We read with great interest the article by Ligibel and colleagues (1), of the Pre-Operative Health and Body (PreHAB) study looking at the molecular effects of exercise on breast tumors between diagnosis and surgery. The reported upregulation of pathways related to inflammation and immunity is consistent with the expected role of the tumor microenvironment in response to exercise (2). Sequentially sampled window studies have great potential to inform by minimizing patient–patient variation, but are a very challenging way to examine the effects of treatment or other interventions. Assessment of proliferation is a natural endpoint for response, but measurement of Ki67 is notoriously unreliable.
There are many different gene expression analysis approaches and numerous breast cancer signatures (3). The current drive for reproducible research has led to expectations that datasets and analysis software are made freely available. With this in mind and our desire to perform similar studies, we reanalyzed the PreHAB study gene expression data (GSE129508) using the GeneFu package (4) to calculate estimations of the established genomic grade index, PAM50 and Mammaprint risk of relapse prognosis prediction algorithms of the samples taken at diagnosis and excision from patients randomized to the exercise and control groups.
The majority of exercising patients (12/16) had significantly reduced predicted PAM50 risk of relapse scores (P = 0.03), whereas half of the control group had smaller nonsignificant (P = 0.81) reductions in predicted risk of relapse. Trends (P = 0.08 and P = 0.09) for reductions in genomic grade index and Mammaprint scores in most exercising patients were not evident in controls (Fig. 1). These prognostic signatures were derived from different analytic approaches and represent different facets of breast tumor biology including proliferation, immune response, and estrogen signaling.
Whole-tumor gene expression profiling captures information on all cell types, whereas deconvolution approaches can generate in silico predictions of the proportions of immune cell types present in samples. As above, we used the ImSig package (5) to assess changes in immune cell content changes in the PreHAB data. Increases in several immune cell types were observed including macrophages and B cells, alongside a reduction in proliferation, but these changes were not statistically significant.

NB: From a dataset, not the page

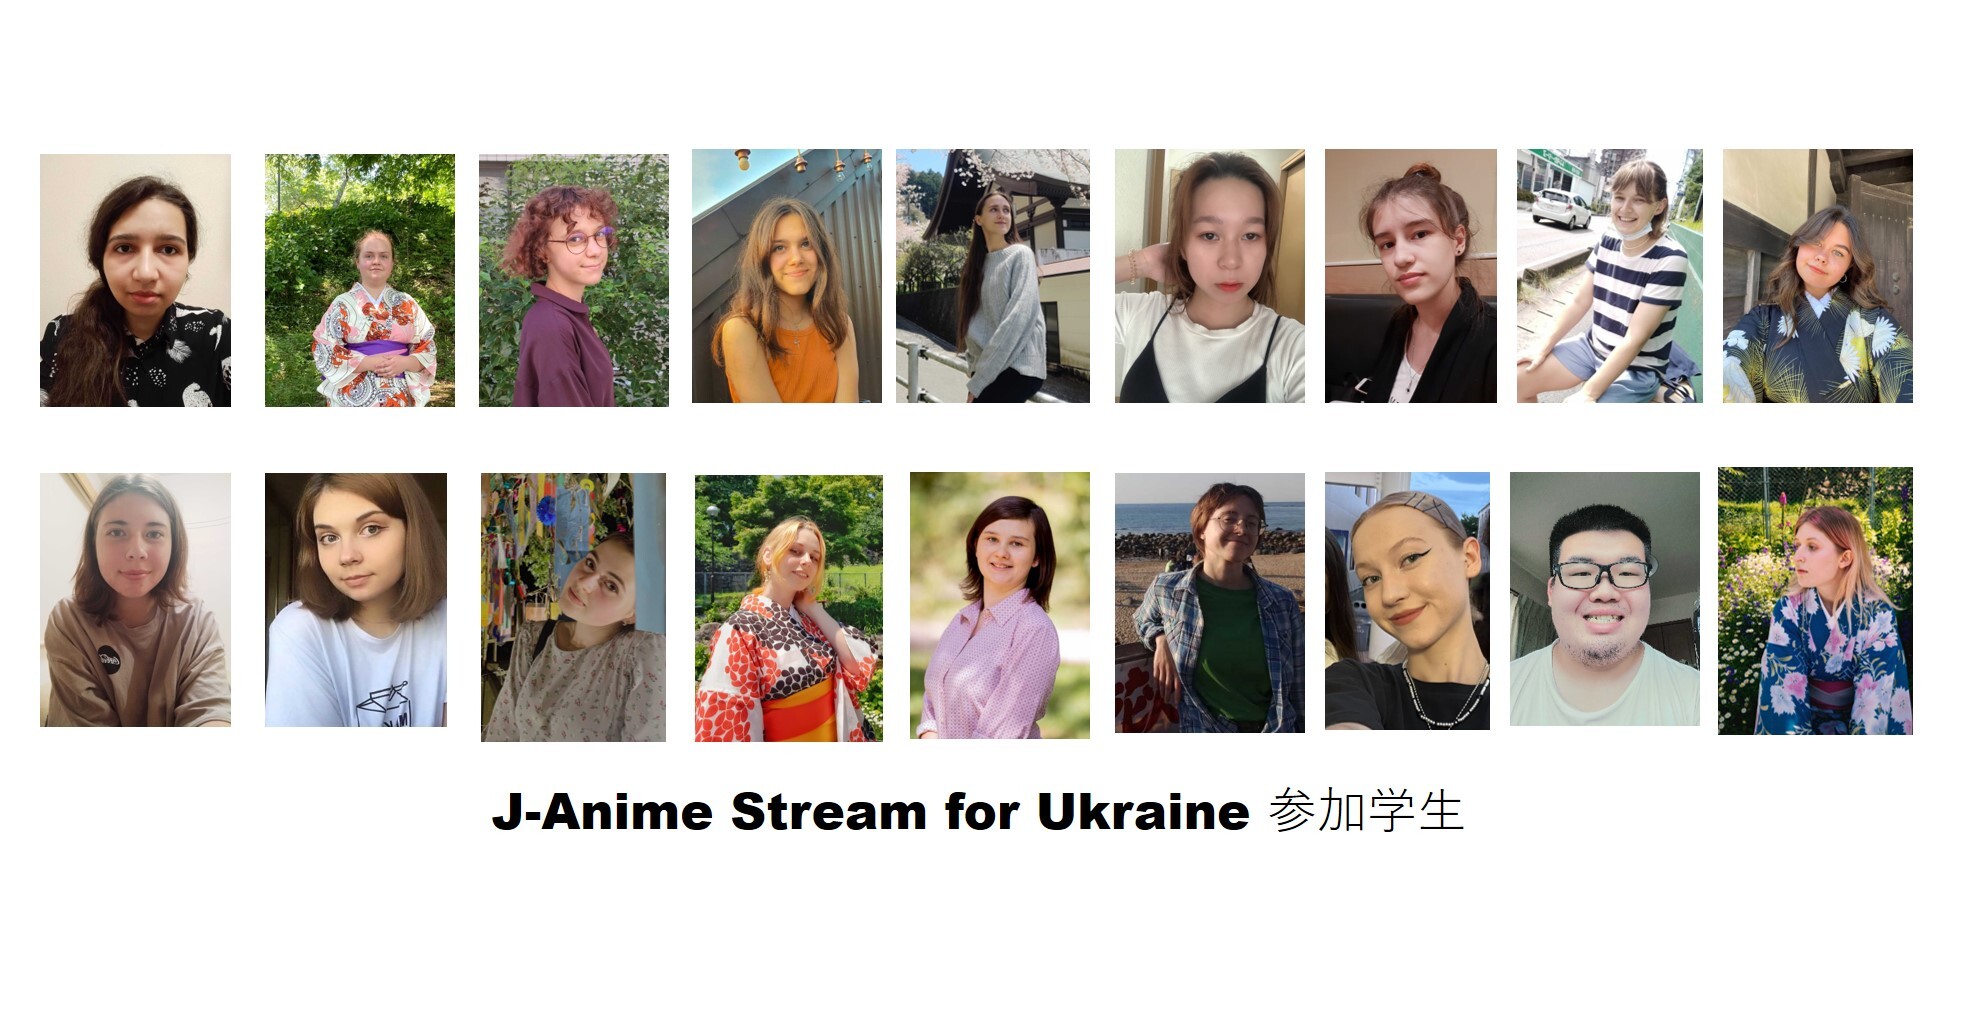 J-Anime Stream for Ukraine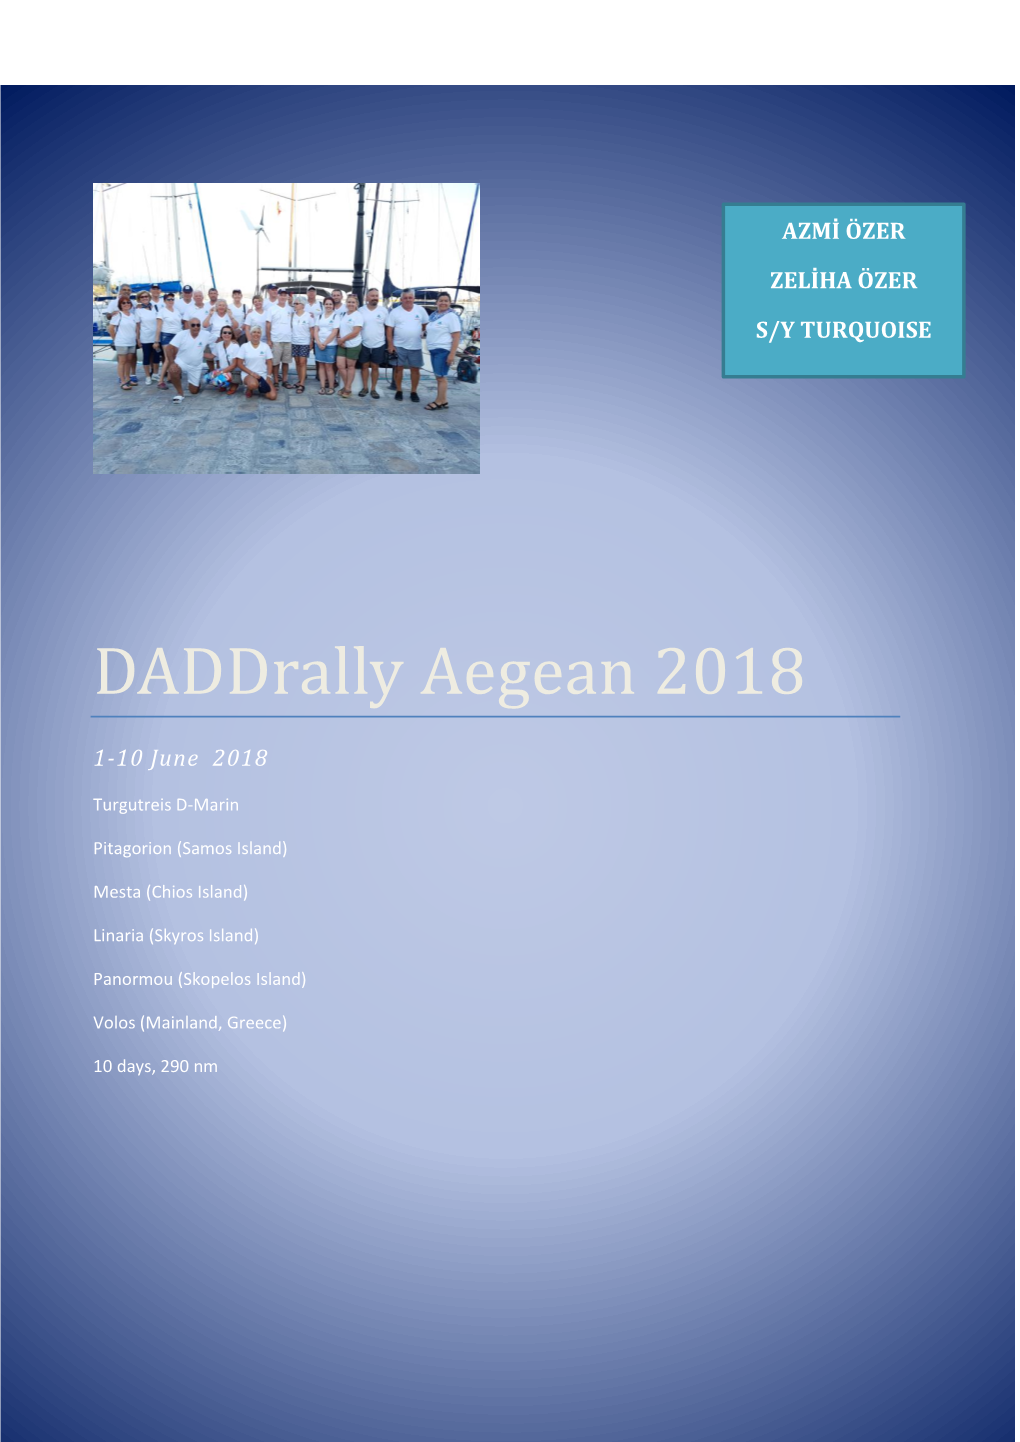 Daddrally Aegean 2018

Our analysis highlights different analysis approaches and supports the findings of the original study. We strongly encourage further studies in this area to examine the biological consequences of exercise on tumors along with assessments of the feasibility of introducing optimal and tolerable exercise regimens into routine clinical care for patients with cancer.
Disclosure of Potential Conflicts of Interest
No potential conflicts of interest were disclosed.
A.H. Sims is grateful for funding from Breast Cancer Now and Cancer Research UK.